Data block
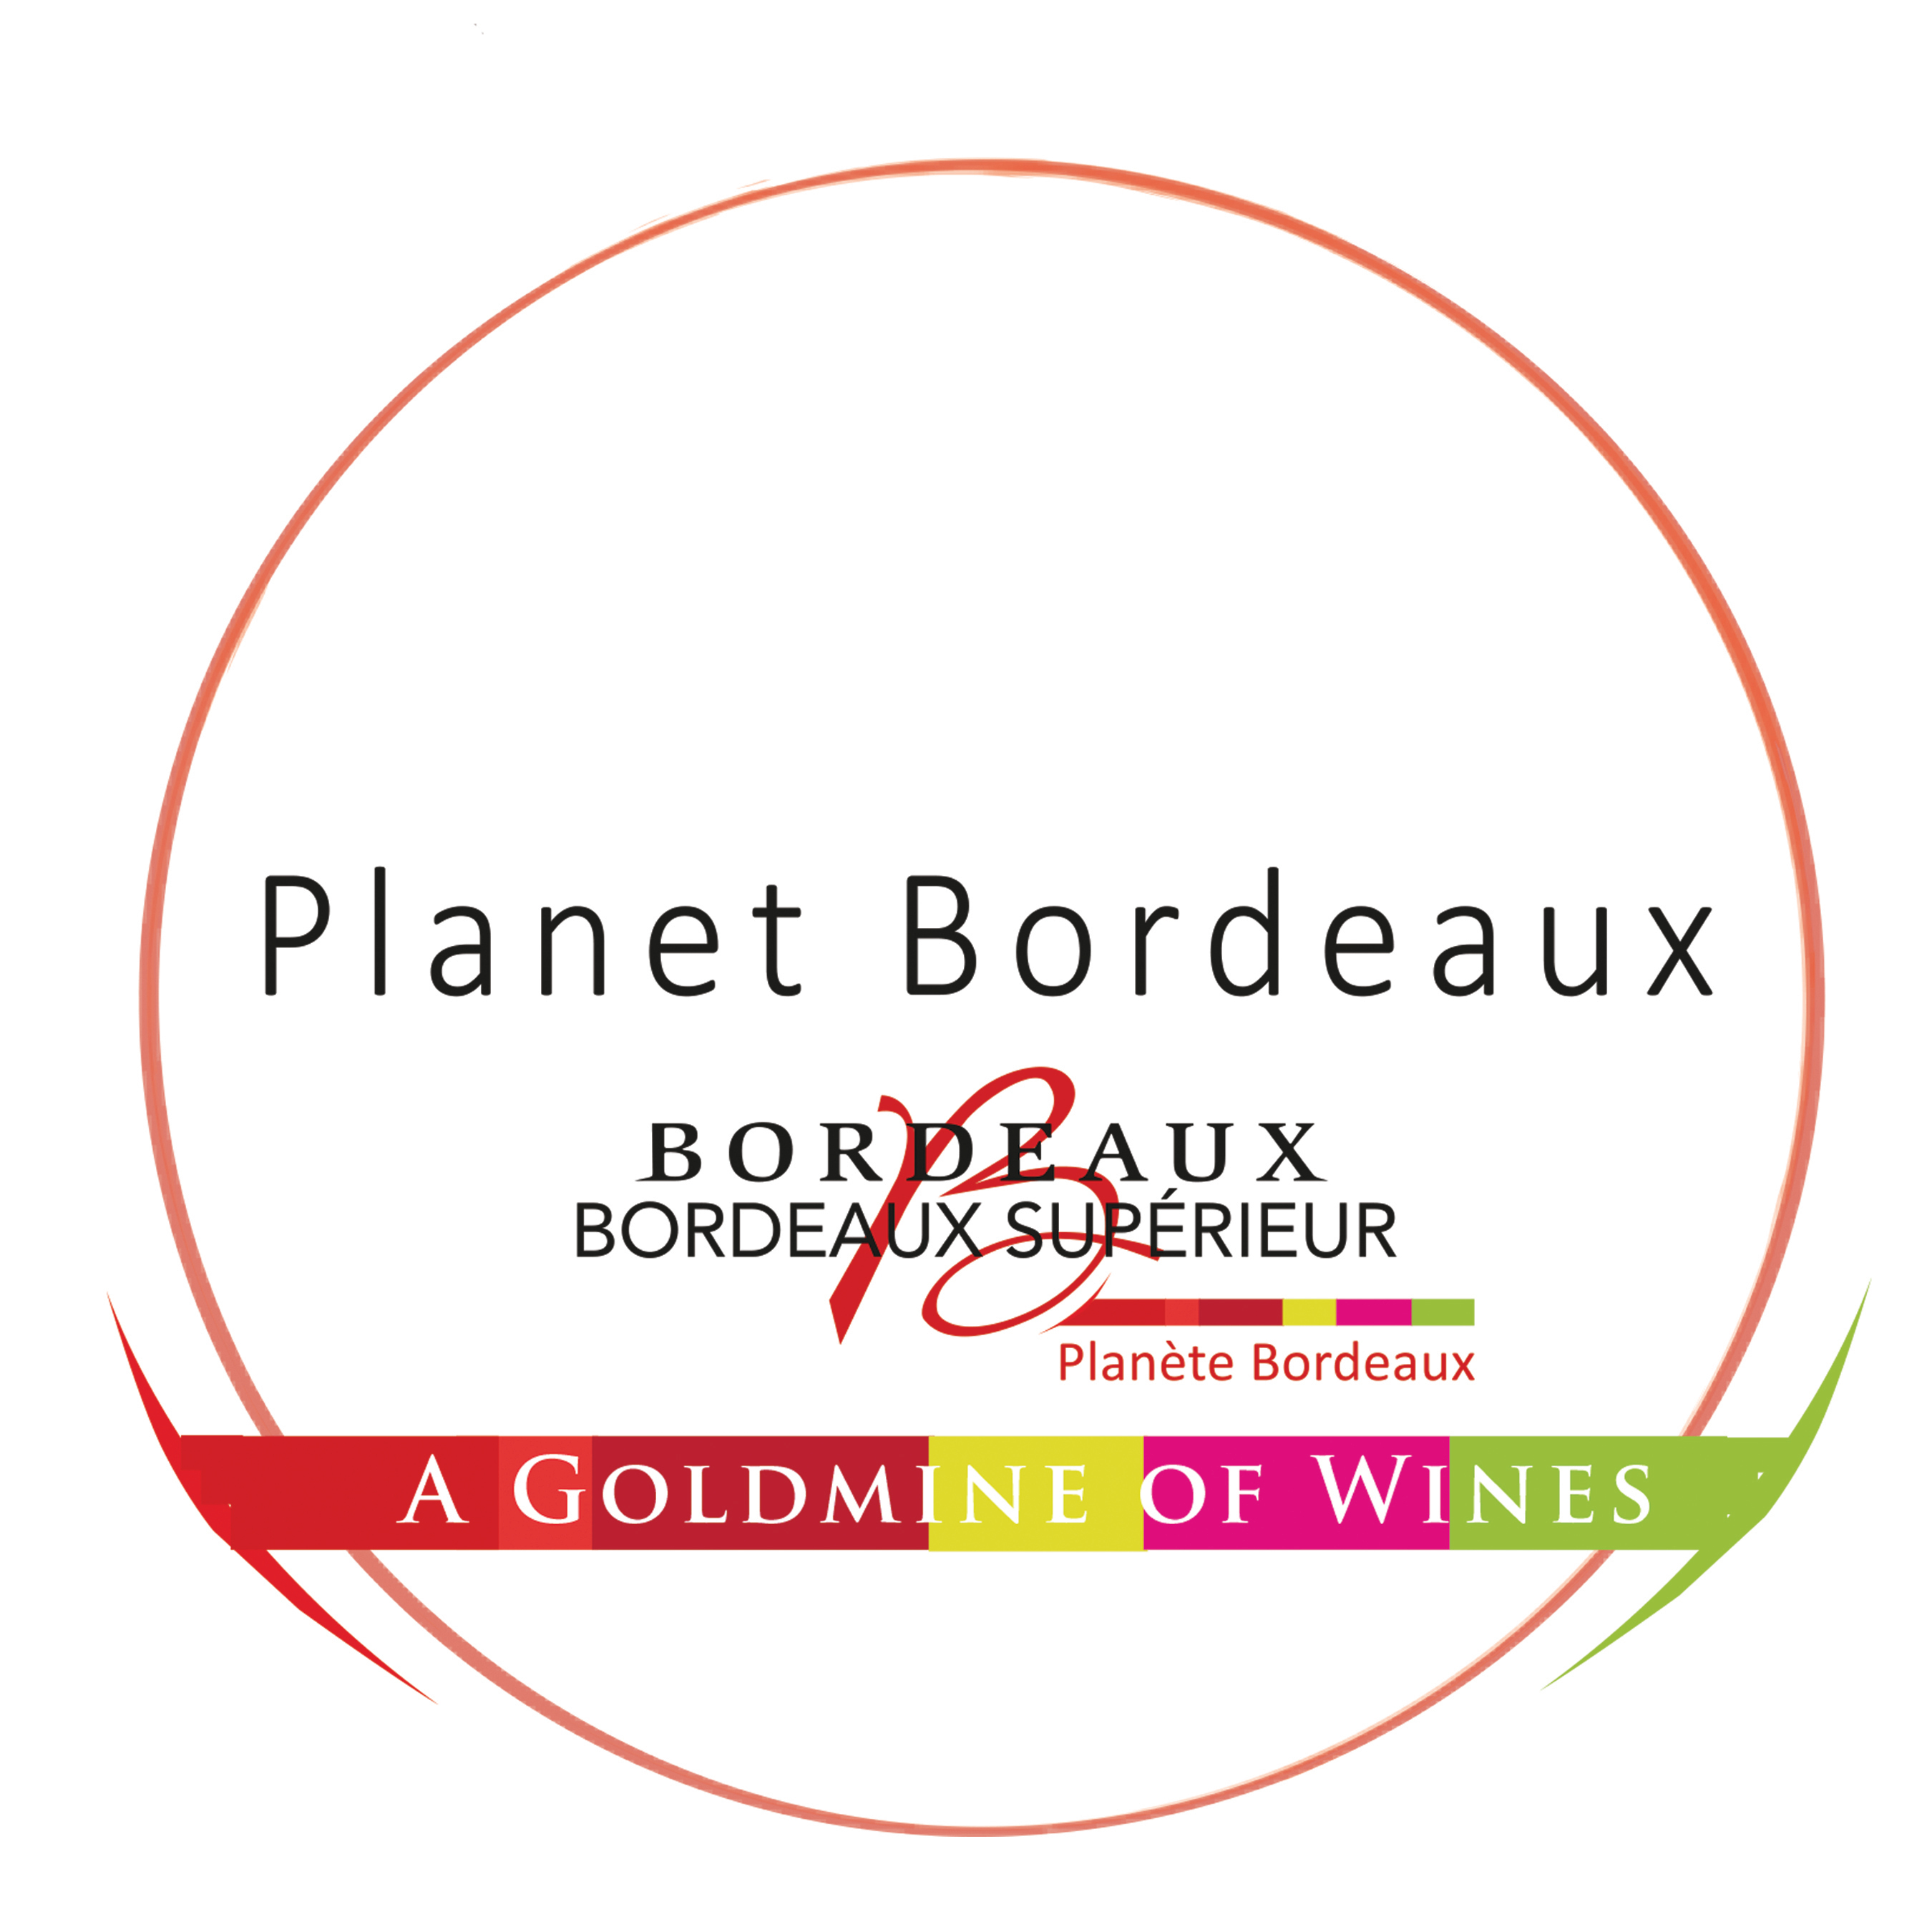 Planet Bordeaux
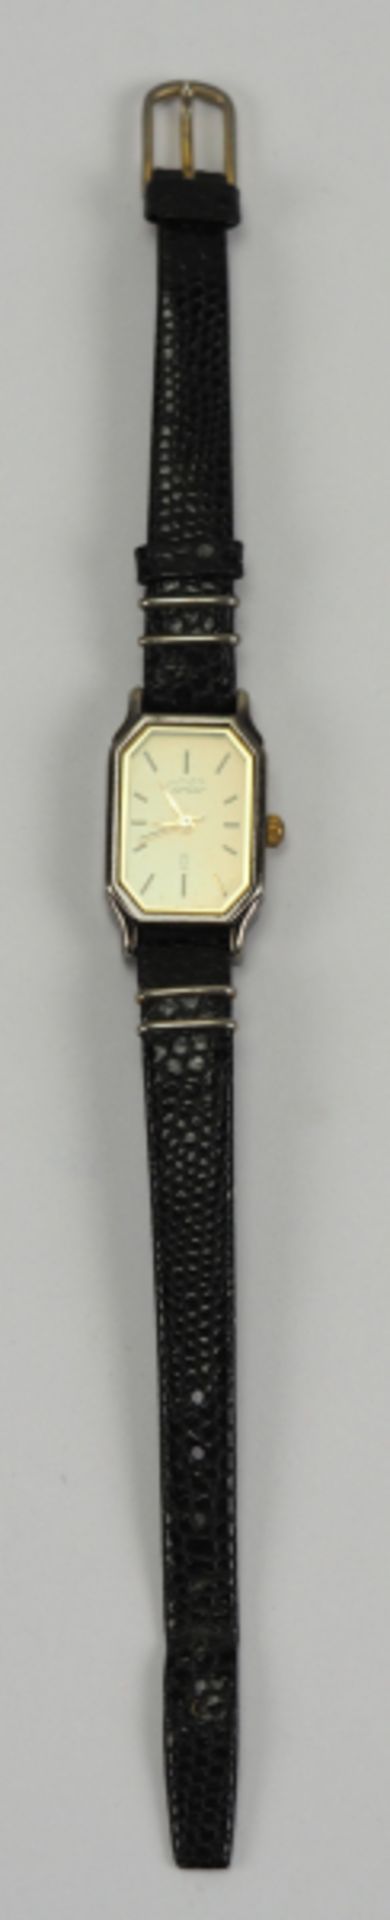 7.5.) UhrenCartier: Damen Armbanduhr.Stahlgehäuse, vergoldetes Zifferblatt must de Cariter, an - Image 6 of 7
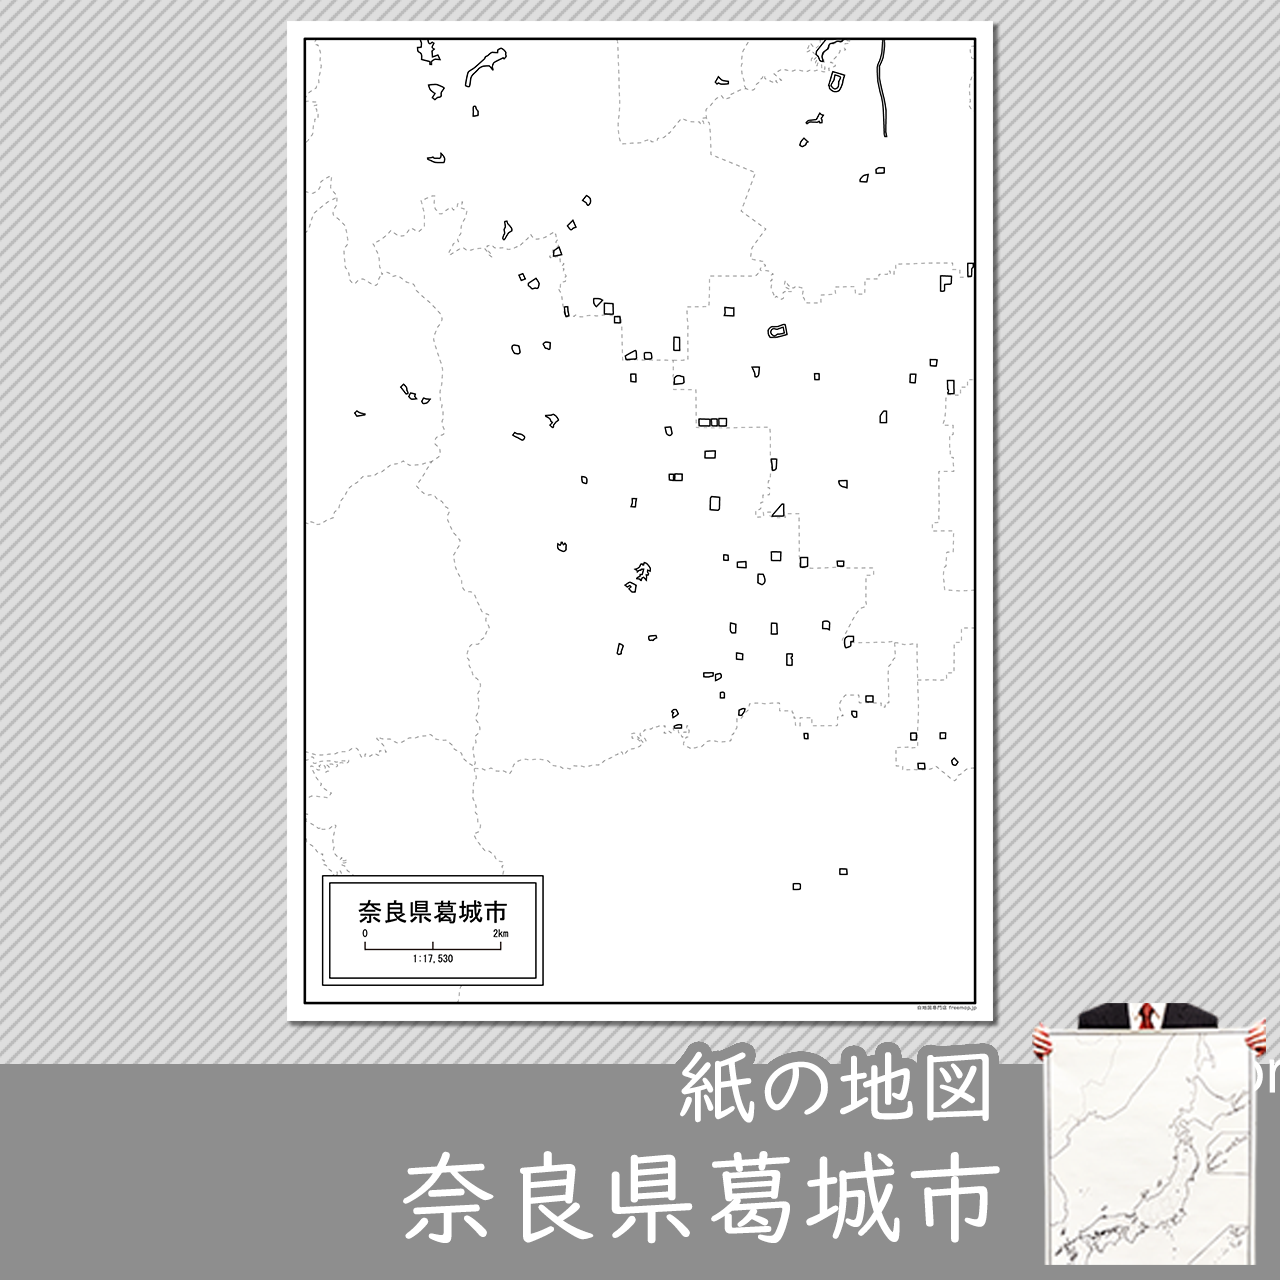 葛城市の紙の白地図のサムネイル
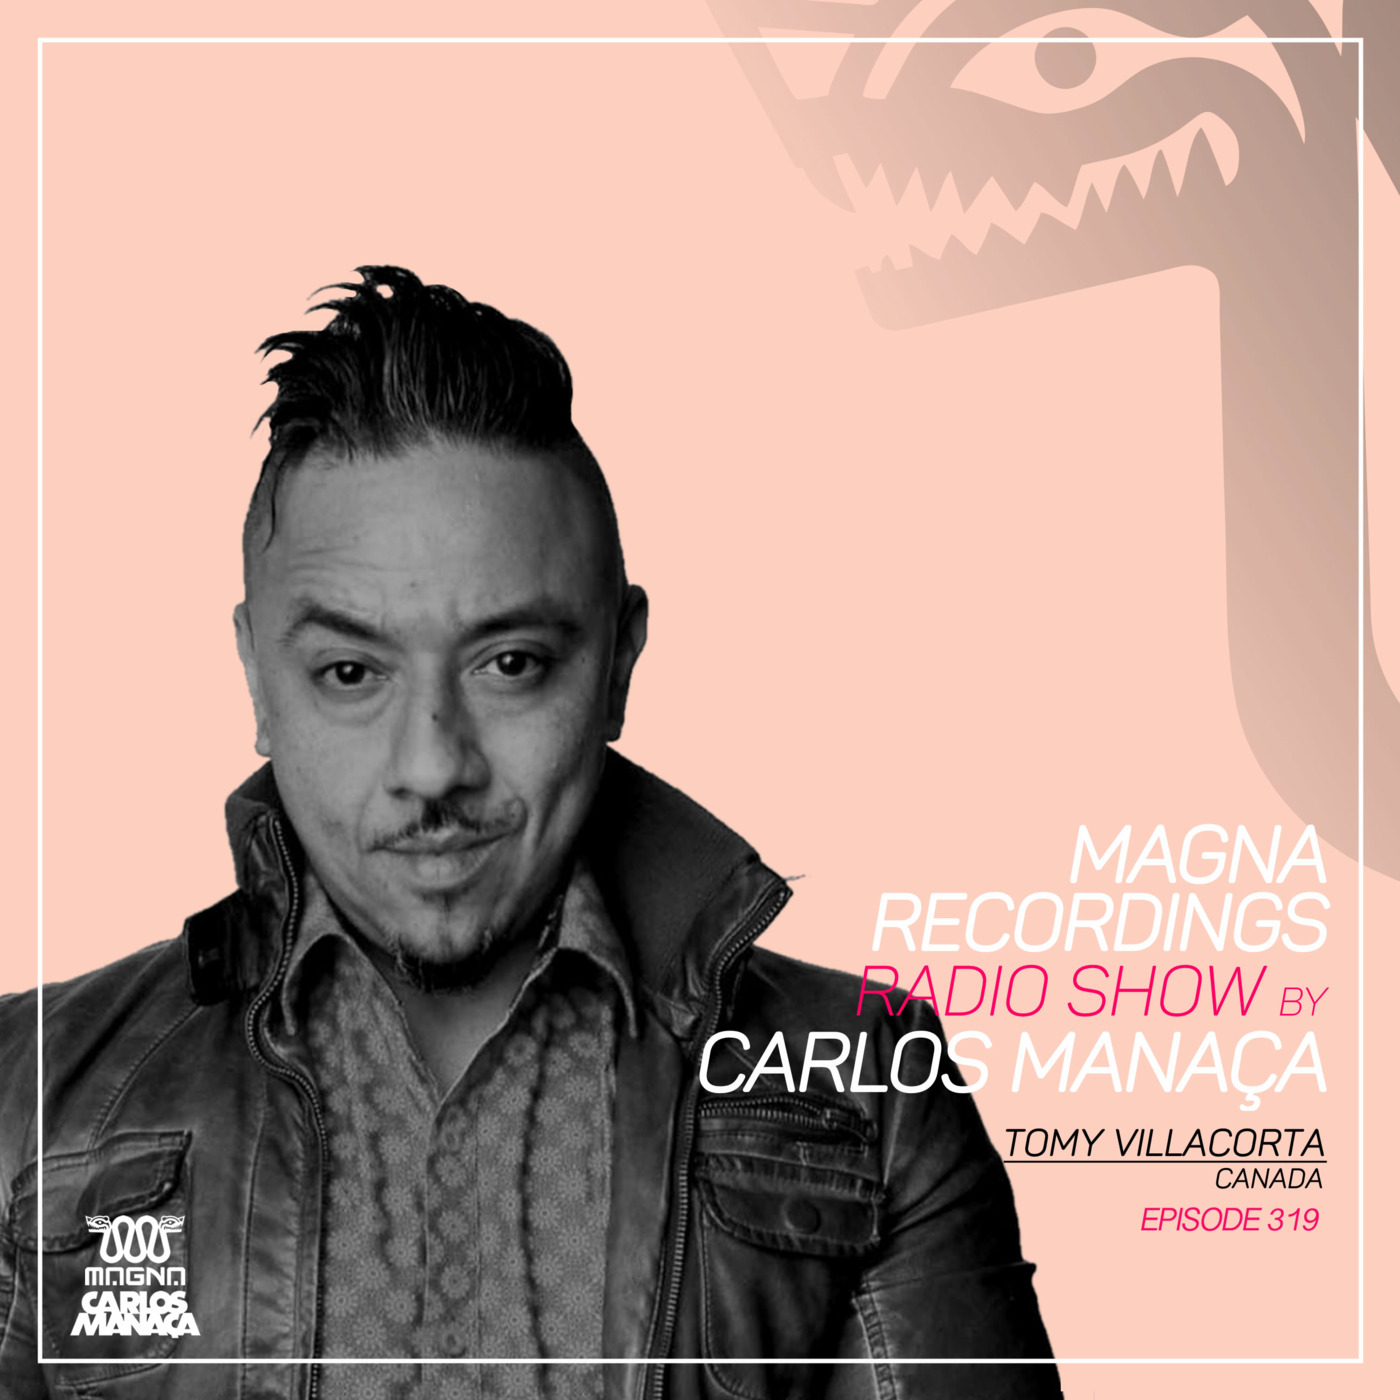 Episode 142: Magna Recordings Radio Show by Carlos Manaca 319 | Tomy Villacorta [Montreal] Canada

Work to complete
Restate the listing word for word, pictures excluded.

Answer space
 Planet Bordeaux
 7.5.) UhrenCartier: Damen Armbanduhr.Stahlgehäuse, vergoldetes Zifferblatt must de Cariter, an - Image 6 of 7
 葛城市の紙の白地図のサムネイル
 Episode 142: Magna Recordings Radio Show by Carlos Manaca 319 | Tomy Villacorta [Montreal] Canada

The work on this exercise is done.